Comment 9 by p...@chromium.org, Today (10 hours ago)

Cc: p...@chromium.org
Re #4: Ah, I was looking at the cros_host_* variables and somehow missed the cros_target_* ones. But that doesn't explain how the clang roll passed CQ.

Comment 10 by steve...@google.com, Today (10 hours ago)

Here is the CQ builder that includes the change:

https://ci.chromium.org/p/chromium/builders/luci.chromium.ci/chromeos-amd64-generic-rel/24450

Comment 11 by achuith@chromium.org, Today (9 hours ago)

Cc: -dpranke@google.com dpranke@chromium.org

Comment 12 by bpastene@chromium.org, Today (8 hours ago)

I don't think the problem is that it's using the wrong clang, I think it's that the gn args are different.

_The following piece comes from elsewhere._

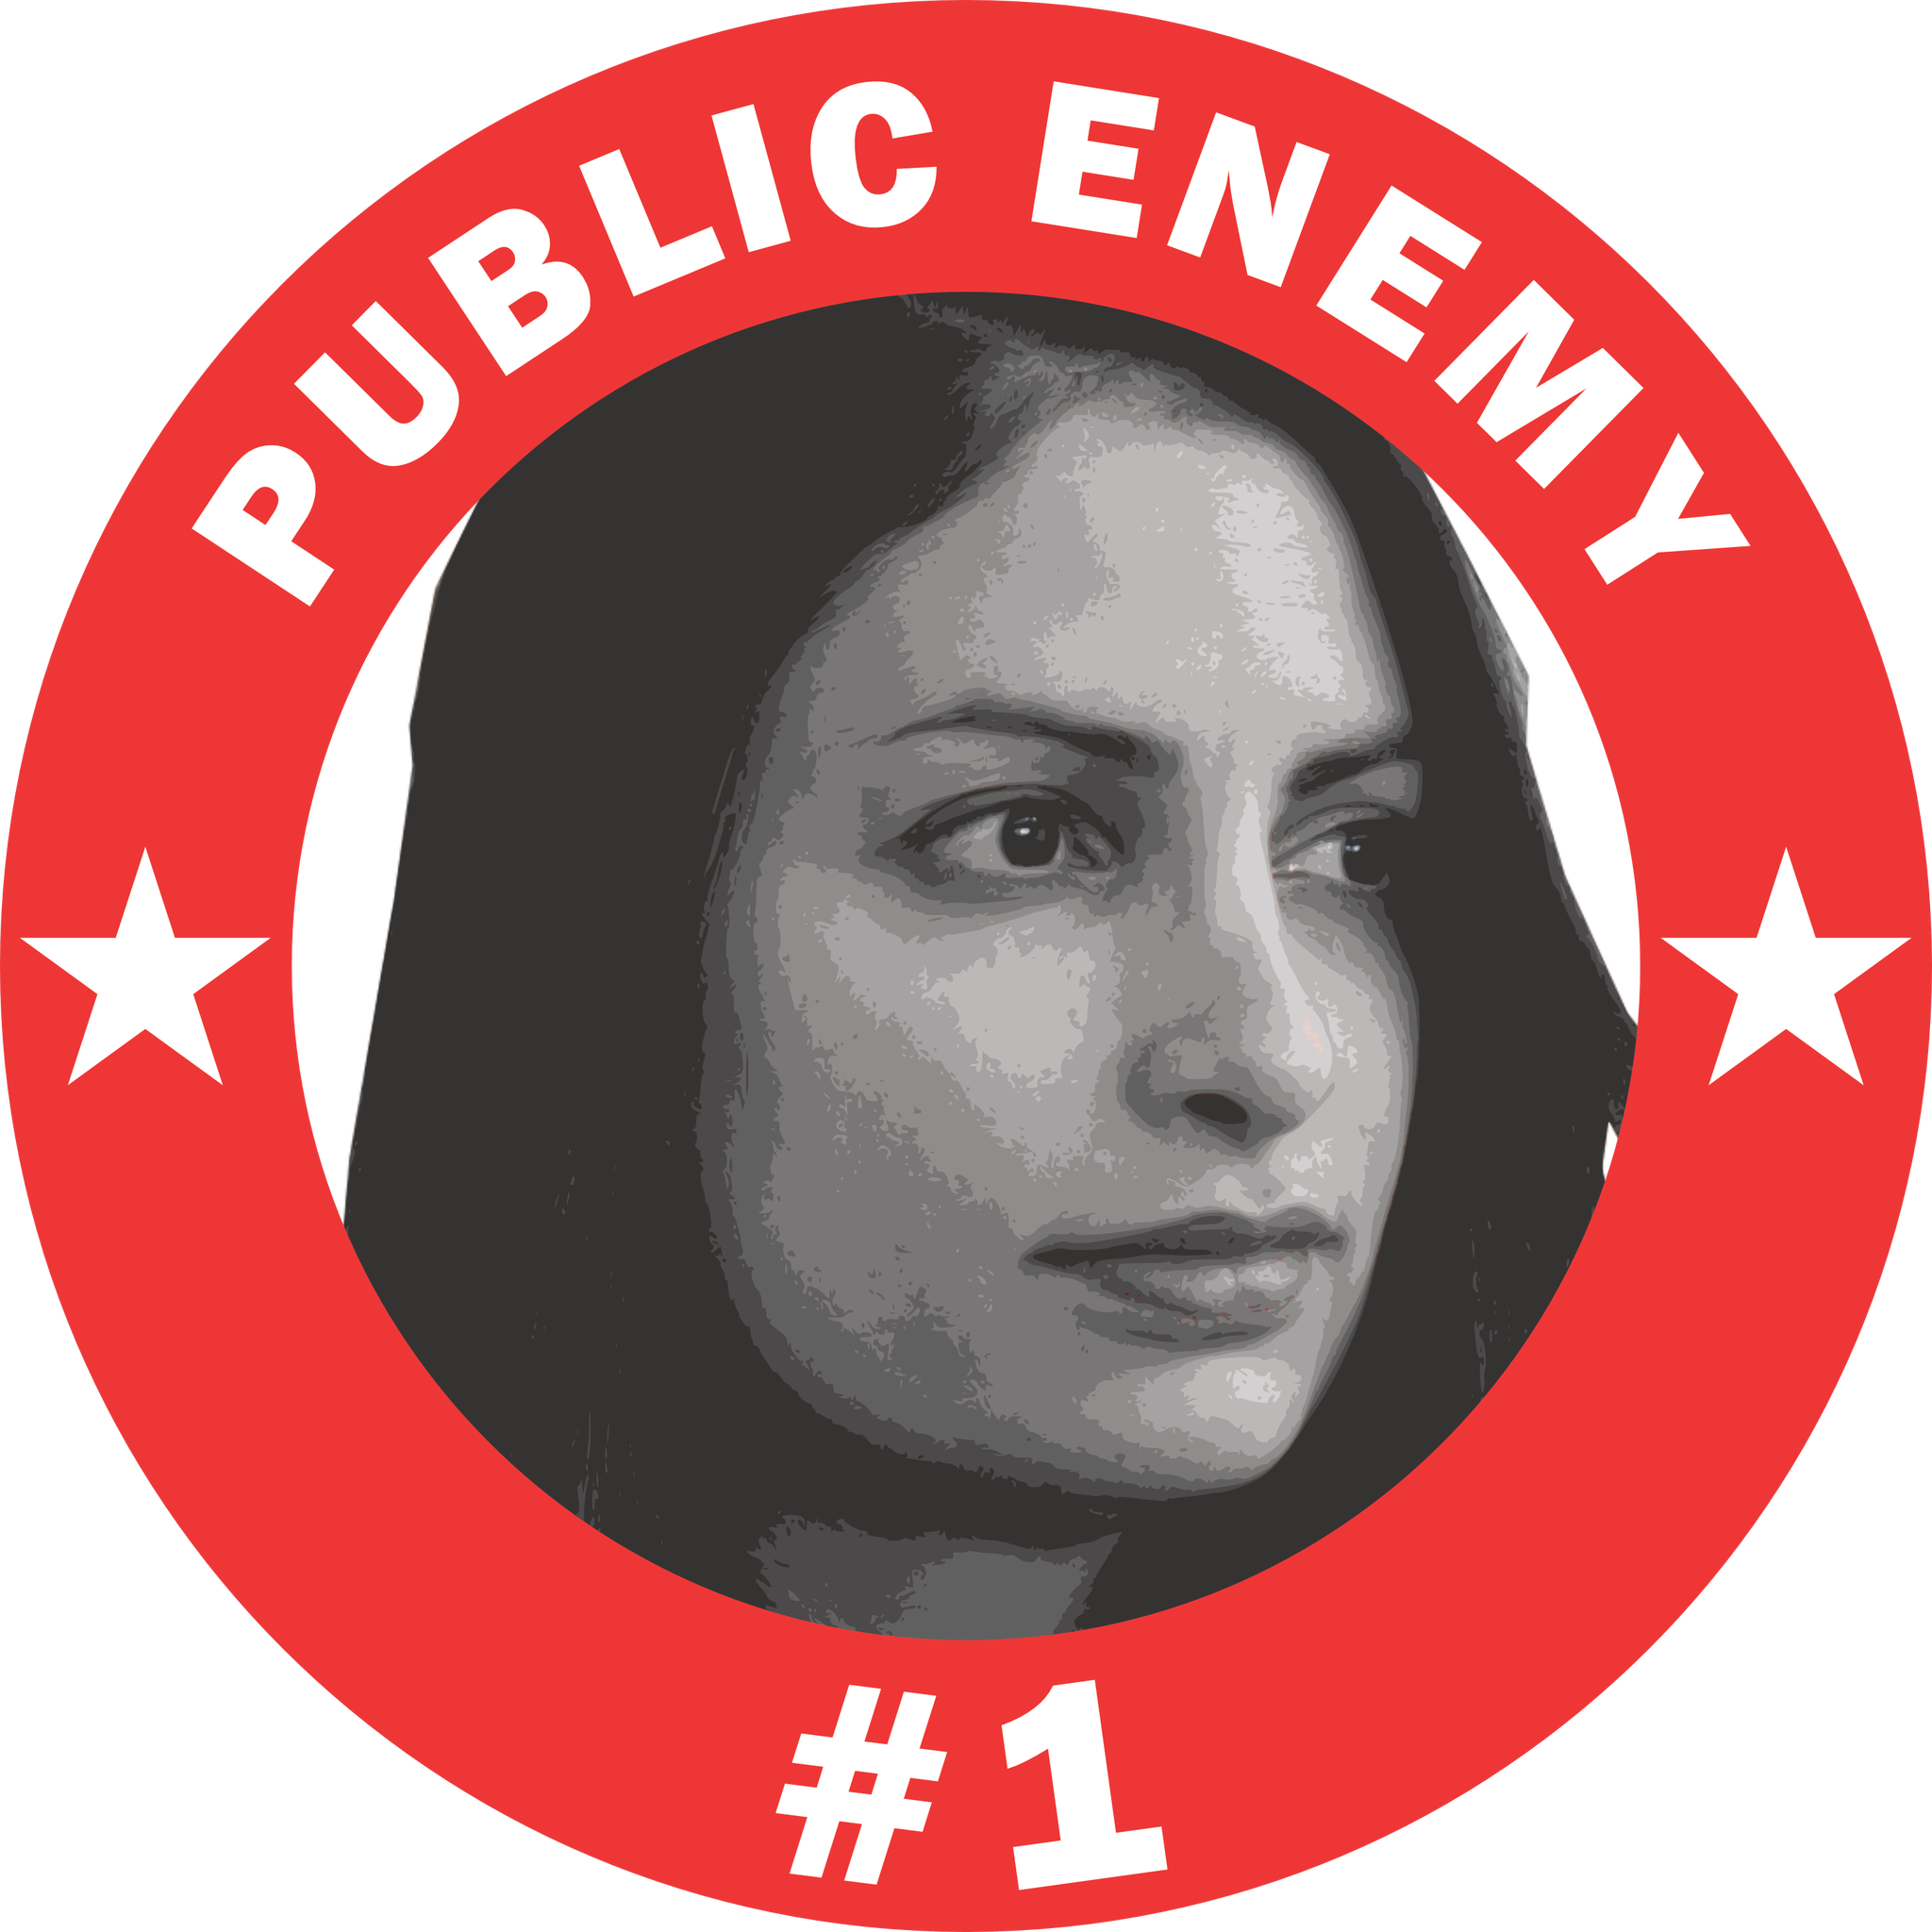 Dadgostar Public Enemy #1 T-Shirt Herr

The compiler arg that threw up errors is guarded around an "if (use_thin_lto)":
https://codesearch.chromium.org/chromium/src/build/config/compiler/BUILD.gn?rcl=82fa384a85df17f48a969f80d489a16a4db92c75&l=634

That's true for chromeos-chrome ebuilds, but not for simplechrome builds by default (the more similar the two, the better):
https://codesearch.chromium.org/chromium/src/third_party/chromite/cli/cros/cros_chrome_sdk.py?rcl=cec40a962e60f3e82d0ee2f05b8f950567649a8e&l=1069

I experimentally enabled thin_lto on our simplechrome CQ bots (and reverted the workaround in crrev.com/c/1424620) and got the repro:
https://chromium-review.googlesource.com/c/chromium/src/+/1427719

I'll tentatively look into enabling thin_lto in the simplechrome workflow for now, but we may end up just duping this into bug 789607, which has got some context behind that decision.

Comment 13 by llozano@chromium.org, Today (7 hours ago)

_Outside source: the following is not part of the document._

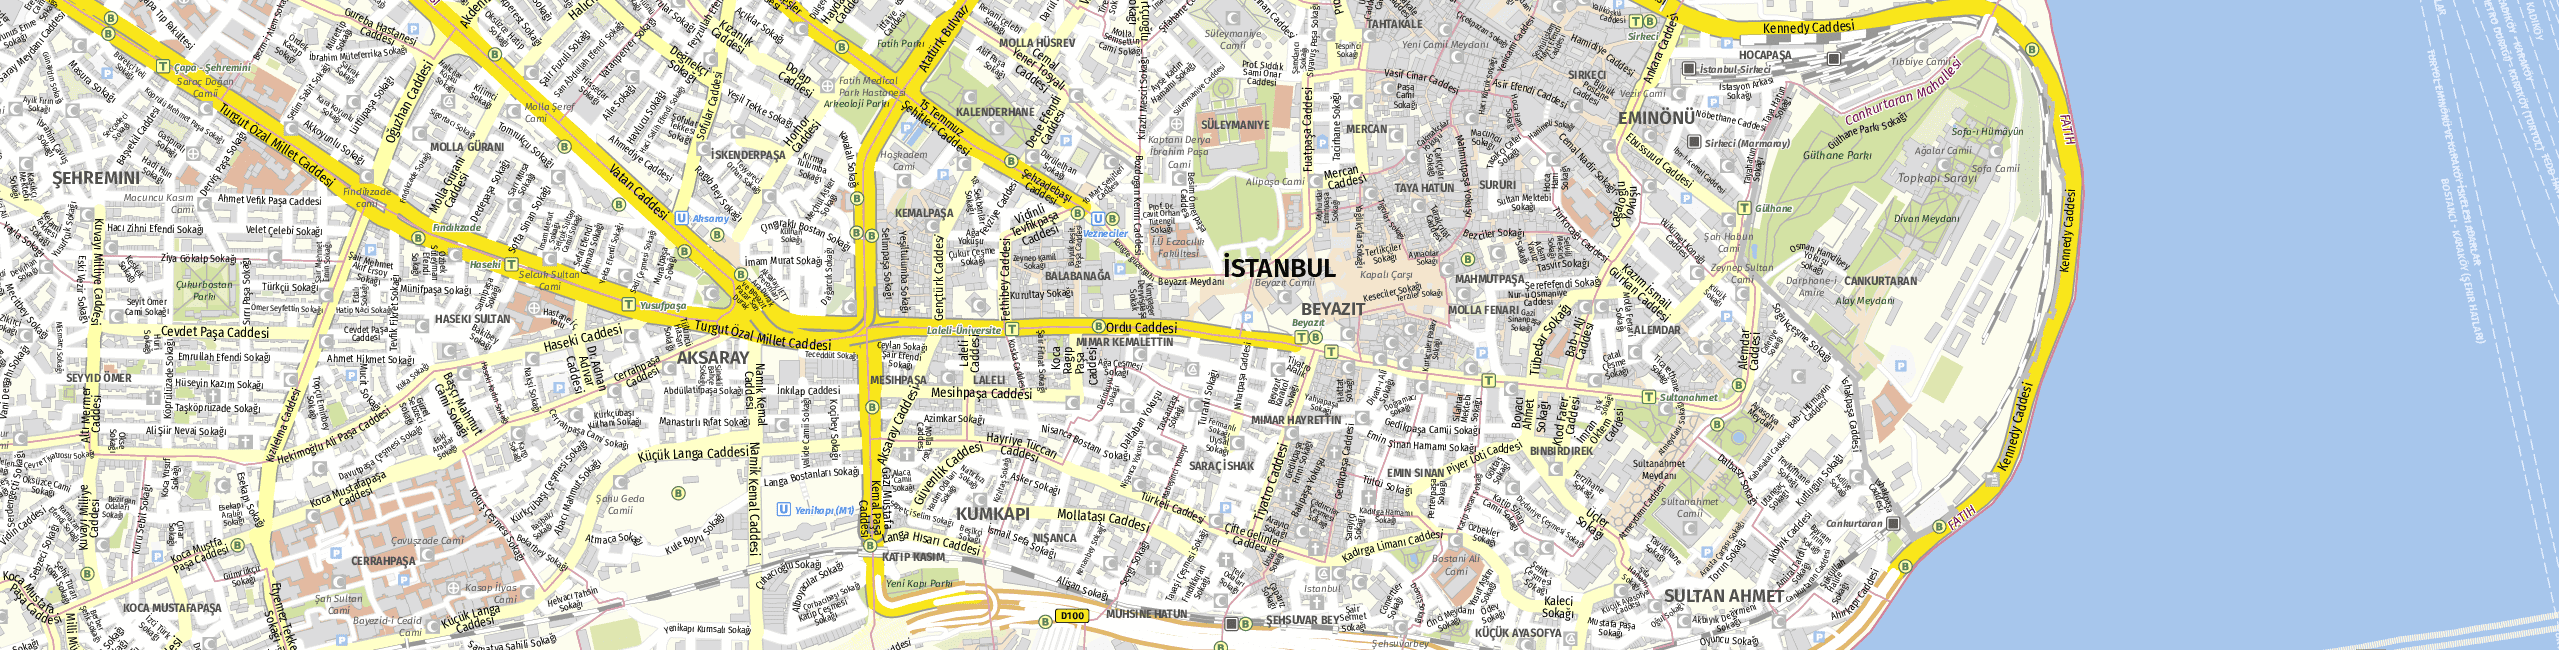 Stadtplan Istanbul zum Downloaden.

Cc: manojgupta@chromium.org chromeos-toolchain@google.com
(better to copy chromeos-toolchain@google.com than just copy me in case I am not available).

I think Ben already figured it out. 
On the simple chrome workflow we dont enable thinlto or cfi by default because they would make the builds too slow for the simple chrome users.

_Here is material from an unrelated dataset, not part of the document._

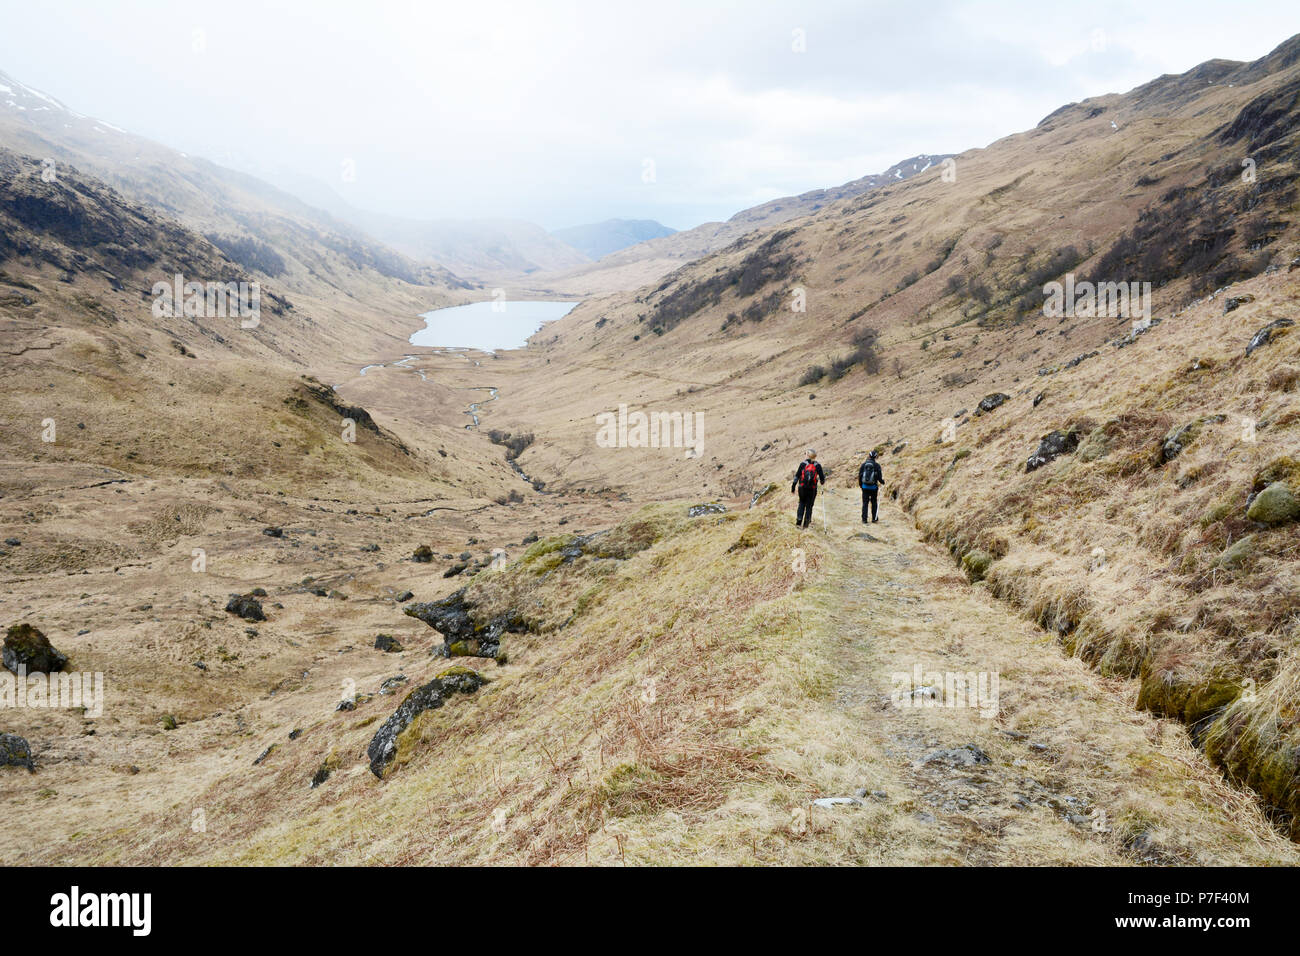 Deux Randonneurs marchant dans un sentier de la vallée d'un munro dans les Highlands écossais, Knoydart Peninsula, nord-ouest de l'Ecosse, Grande-Bretagne. Banque D'Images

So, I think the solution that Ben is proposing is the best. Ie: modify the bots that are using simplechrome to make them more similar to what the ebuild workflow is doing (enable thinlto and cfi). Since this is done only for the bots, the build time should not matter. 


Comment 14 by steve...@chromium.org, Today (7 hours ago)

IIRC, thinlto adds as much as half an hour to the build times? The cycle time of the builders is pretty important, especially in the CQ.

I would advocate for enabling thinlto and cfi on the chromium waterfall (i.e. https://ci.chromium.org/p/chromium/builders/luci.chromium.ci/chromeos-amd64-generic-rel), but not in the CQ. Yes, that means this particular CL would have passed the CQ, but at least it would have failed much sooner in the chromium waterfall. We make this compromise elsewhere for other slow builders.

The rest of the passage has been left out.